> **Information provided**

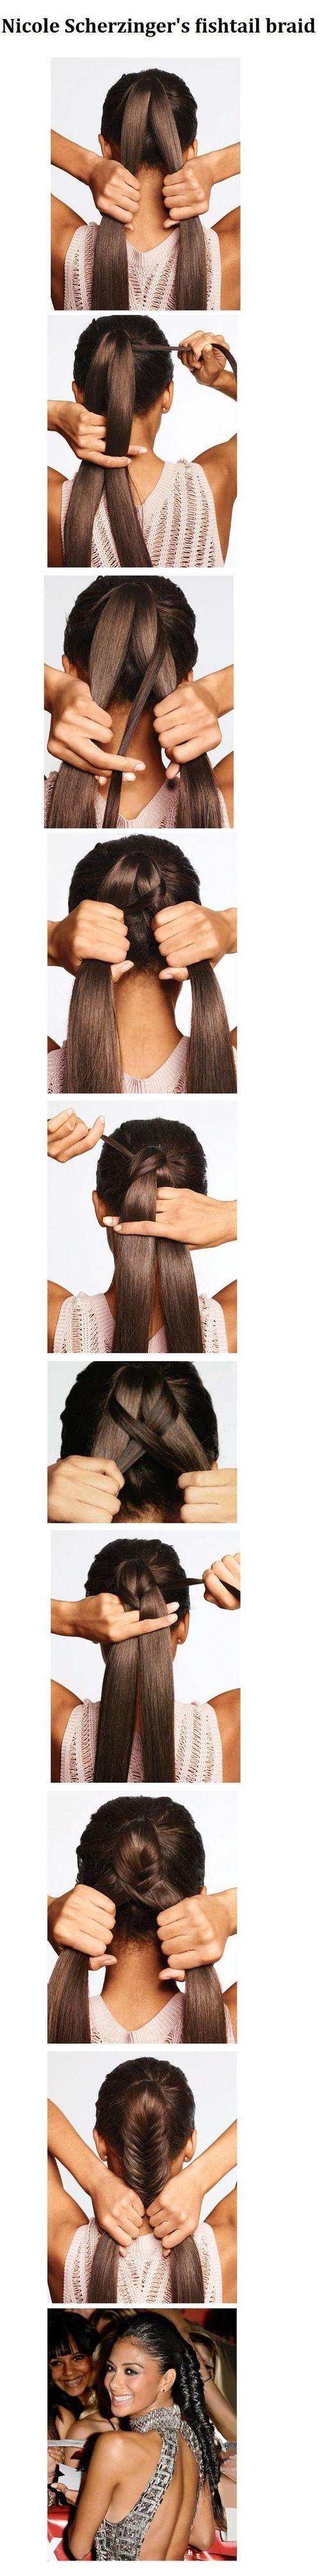 2 tuto coiffure tresse pis de bl hair pinterest coiffures hair and tuto coiffure - Tresse epis de ble ...
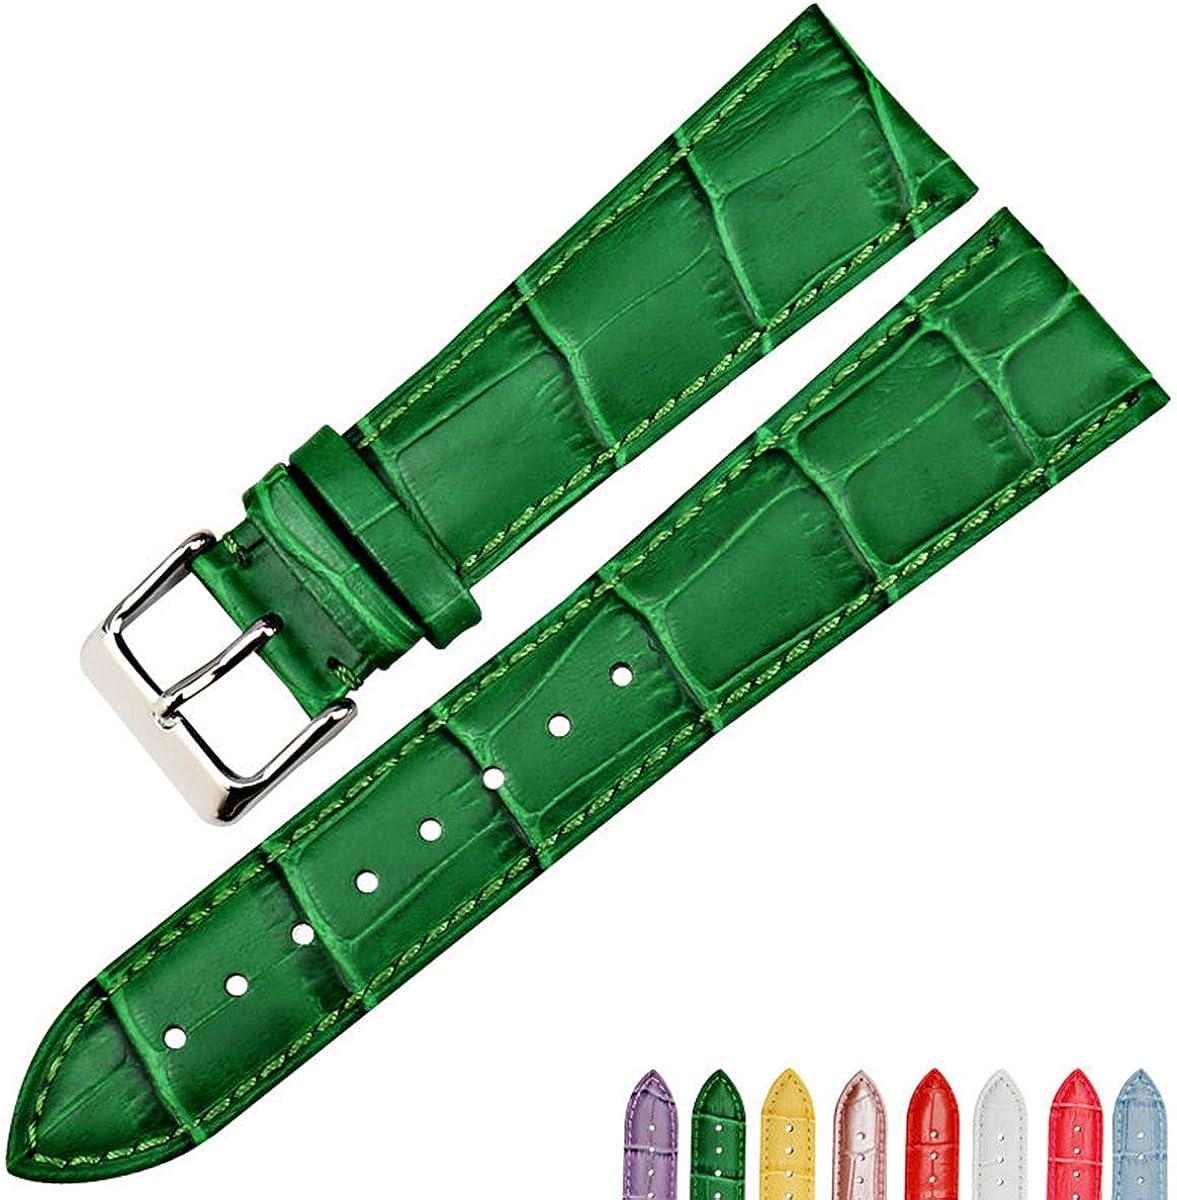 Accessoires de Montre 16mm-22mm Boucle ardillon du Bracelet Montre en Cuir Bracelet Vert Femmes watchbands Blue
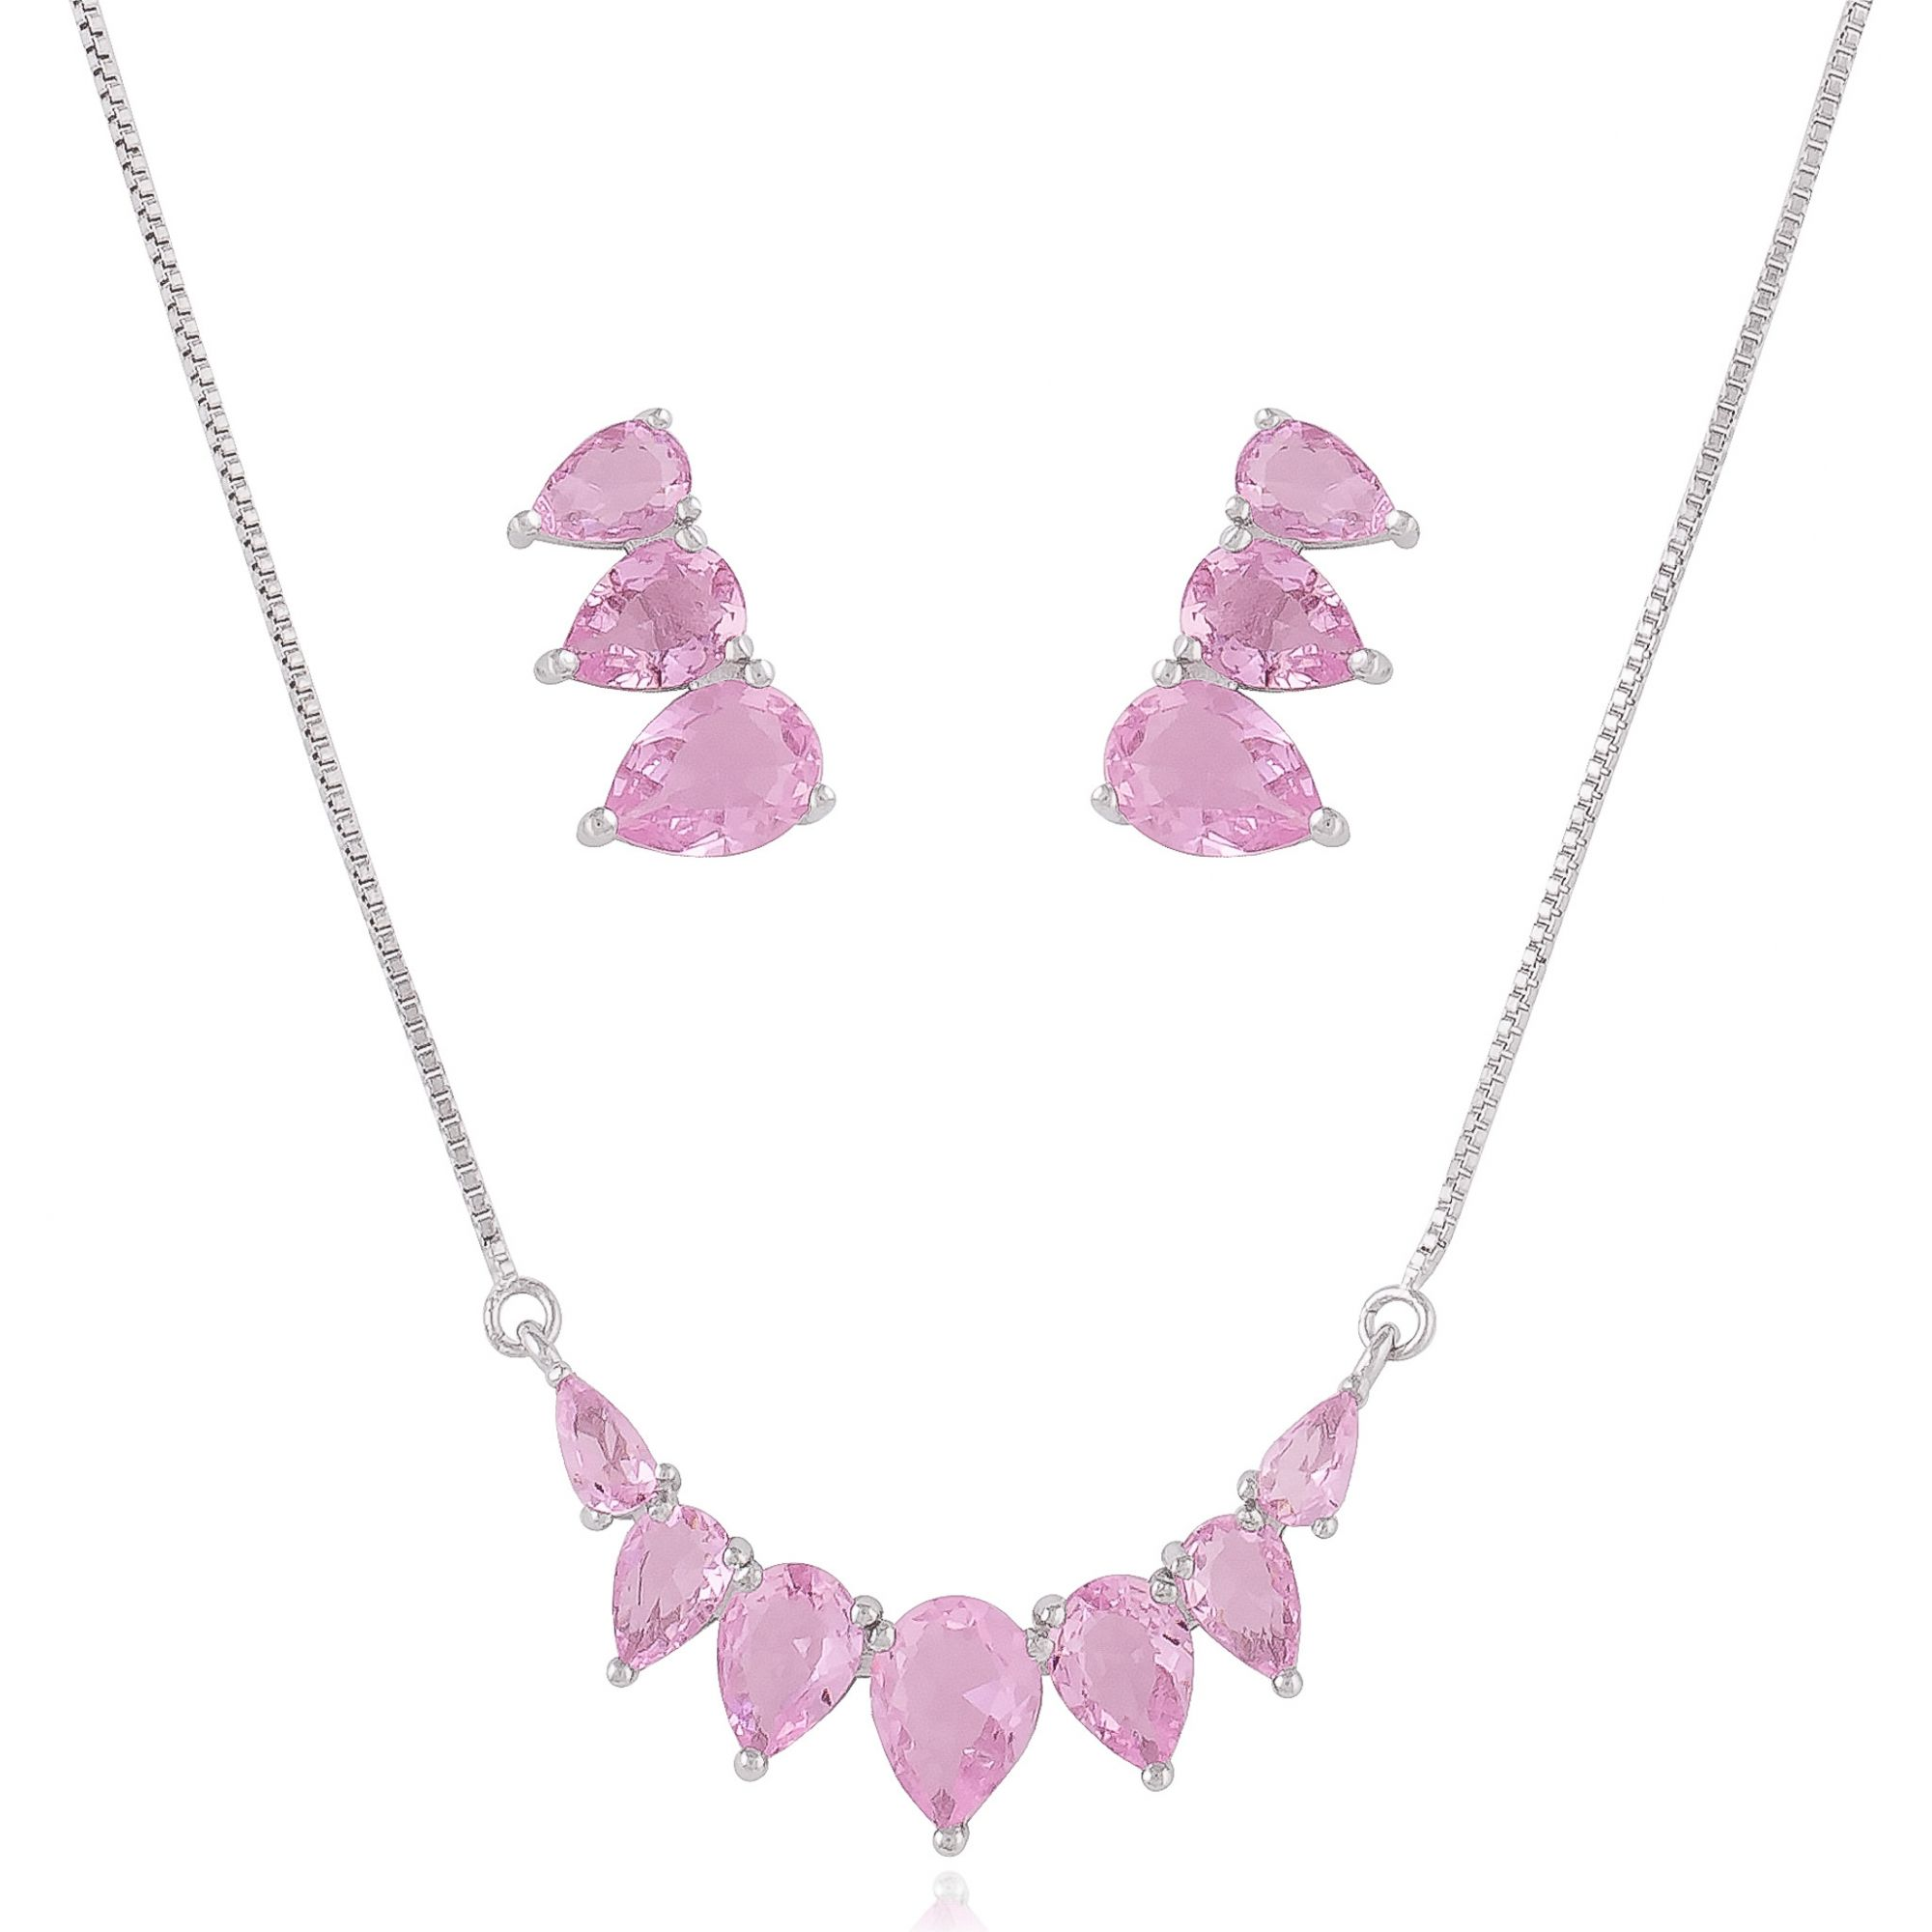 Conjunto de gotas em zircônias cor de rosa banho de ródio branco.  - bfdecor.com.br
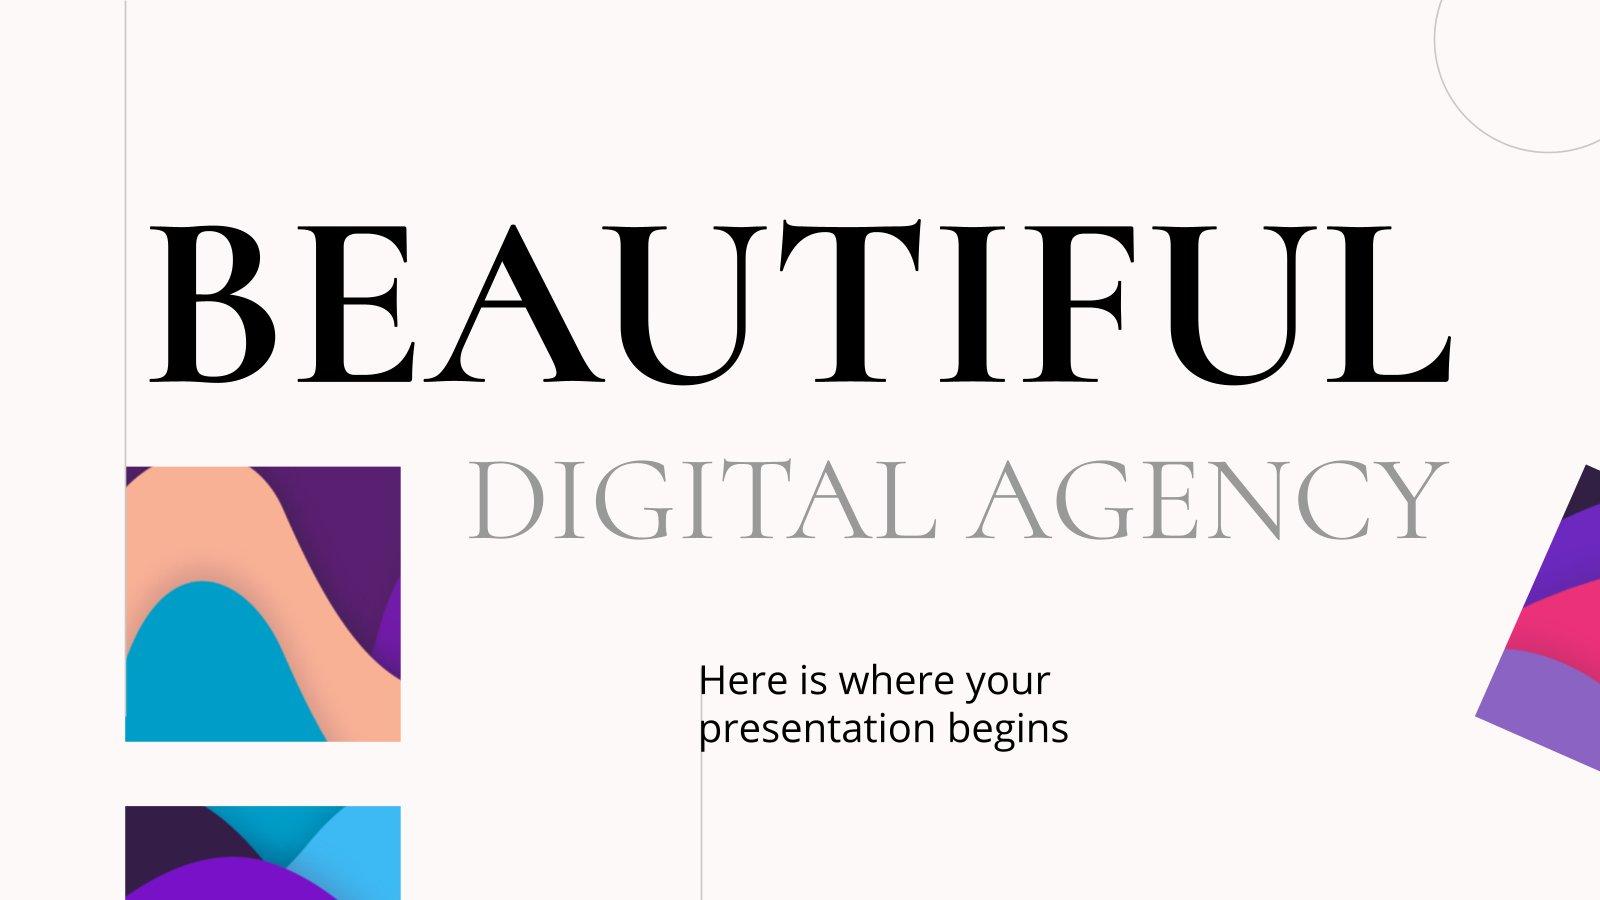 Schöne digitale Agentur Präsentationsvorlage

> **Exercise brief**
Nothing but the text of the listing should be set down, exactly, with the pictures left behind.

> **Completed exercise**
 2 tuto coiffure tresse pis de bl hair pinterest coiffures hair and tuto coiffure - Tresse epis de ble ...
 Accessoires de Montre 16mm-22mm Boucle ardillon du Bracelet Montre en Cuir Bracelet Vert Femmes watchbands Blue
 Conjunto de gotas em zircônias cor de rosa banho de ródio branco.  - bfdecor.com.br
 Schöne digitale Agentur Präsentationsvorlage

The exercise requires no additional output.